• Biomed Res Int · Jan 2015

    Early Fluid Resuscitation and High Volume Hemofiltration Decrease Septic Shock Progression in Swine.

    • Ping Zhao, Ruiqiang Zheng, Lu Xue, Min Zhang, and Xiaoyan Wu.
    • Intensive Care Unit, Subei People's Hospital of Jiangsu Province & Clinical Medical School of Yangzhou University, Yangzhou, Jiangsu 225001, China ; Intensive Care Unit, Wujin People's Hospital & Clinical Medical School of Jiangsu University, Zhenjiang, Jiangsu 213017, China.
    • Biomed Res Int. 2015 Jan 1; 2015: 181845.

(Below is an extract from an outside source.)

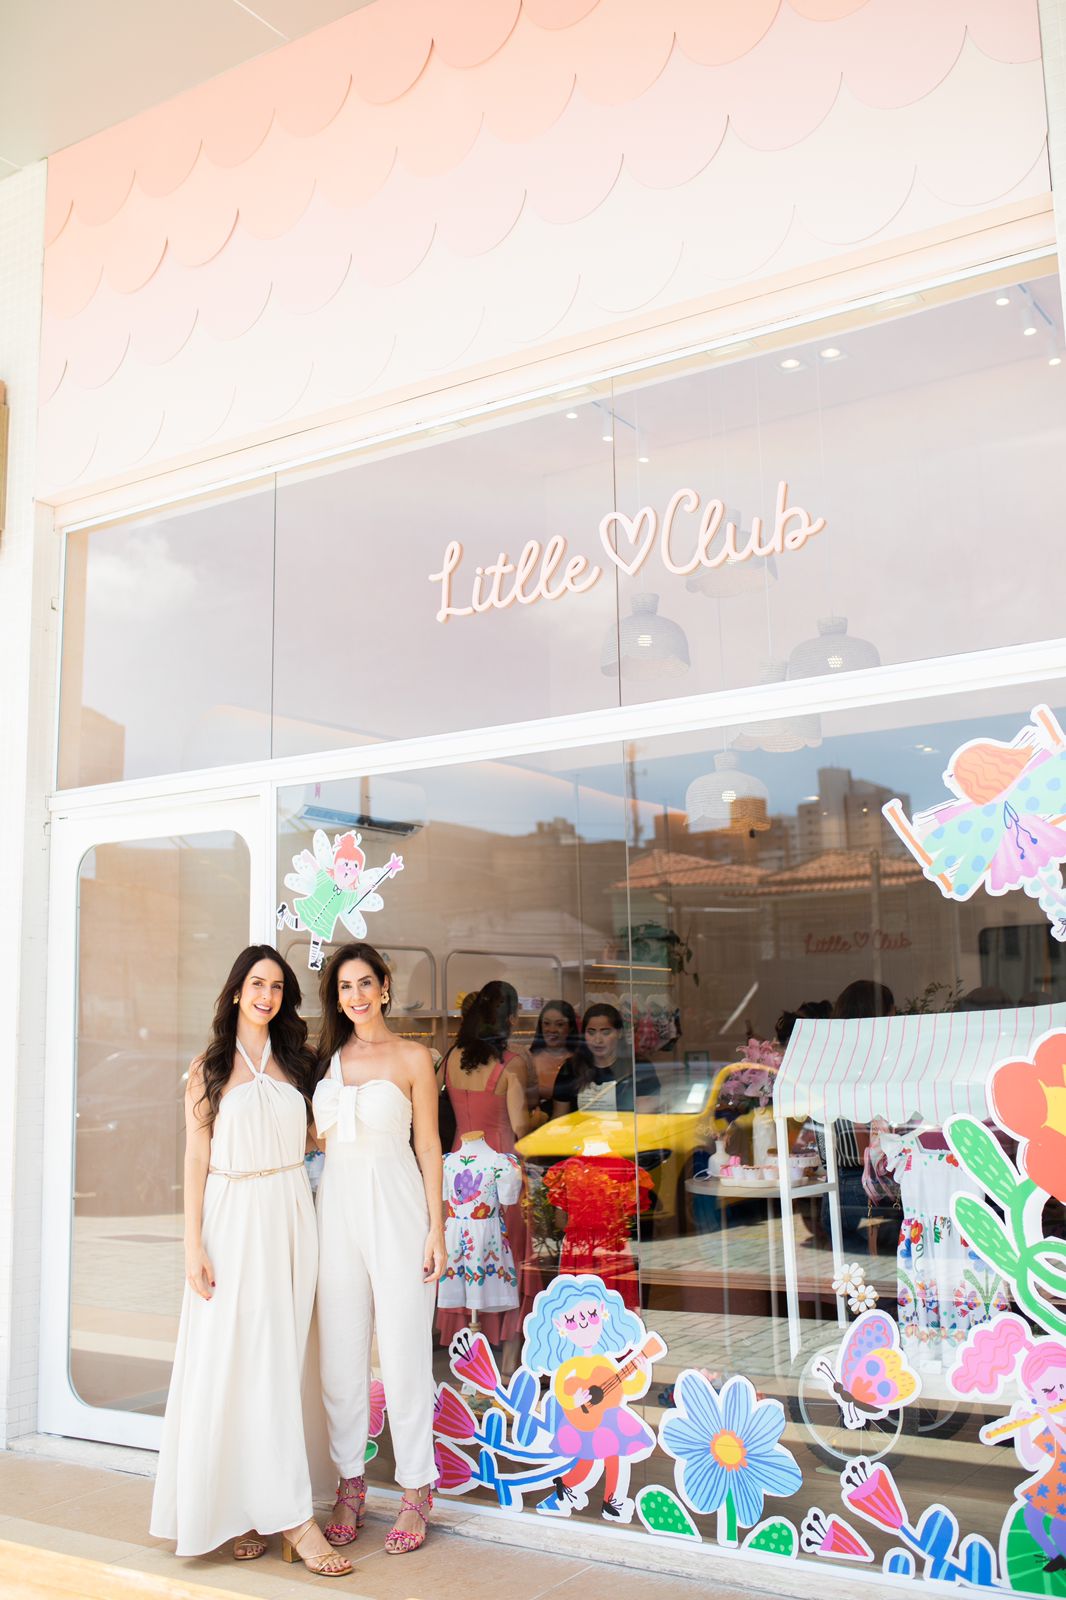 Paula Gomes e Renata Targino inauguram nova loja da Little Club

    AbstractThis study aimed to assess the effects of early fluid resuscitation (EFR) combined with high volume hemofiltration (HVHF) on the cardiopulmonary function and removal of inflammatory mediators in a septic shock swine model. Eighteen swine were randomized into three groups: control (n = 6) (extracorporeal circulating blood only), continuous renal replacement therapy (CRRT) (n = 6; ultrafiltration volume = 25 mL/Kg/h), and HVHF (n = 6; ultrafiltration volume = 85 mL/Kg/h). The septic shock model was established by intravenous infusion of lipopolysaccharides (50 µg/kg/h). Hemodynamic parameters (arterial pressure, heart rate, cardiac output, stroke volume variability, left ventricular contractility, systemic vascular resistance, and central venous pressure), vasoactive drug parameters (dose and time of norepinephrine and hourly fluid intake), pulmonary function (partial oxygen pressure and vascular permeability), and cytokines (interleukin-6 and interleukin-10) were observed. Treatment resulted in significant changes at 4-6 h. HVHF was beneficial, as shown by the dose of vasoactive drugs, fluid intake volume, left ventricular contractility index, and partial oxygen pressure. Both CRRT and HVHF groups showed improved removal of inflammatory mediators compared with controls. In conclusion, EFR combined with HVHF improved septic shock in this swine model. The combination decreased shock progression, reduced the need for vasoactive drugs, and alleviated the damage to cardiopulmonary functions.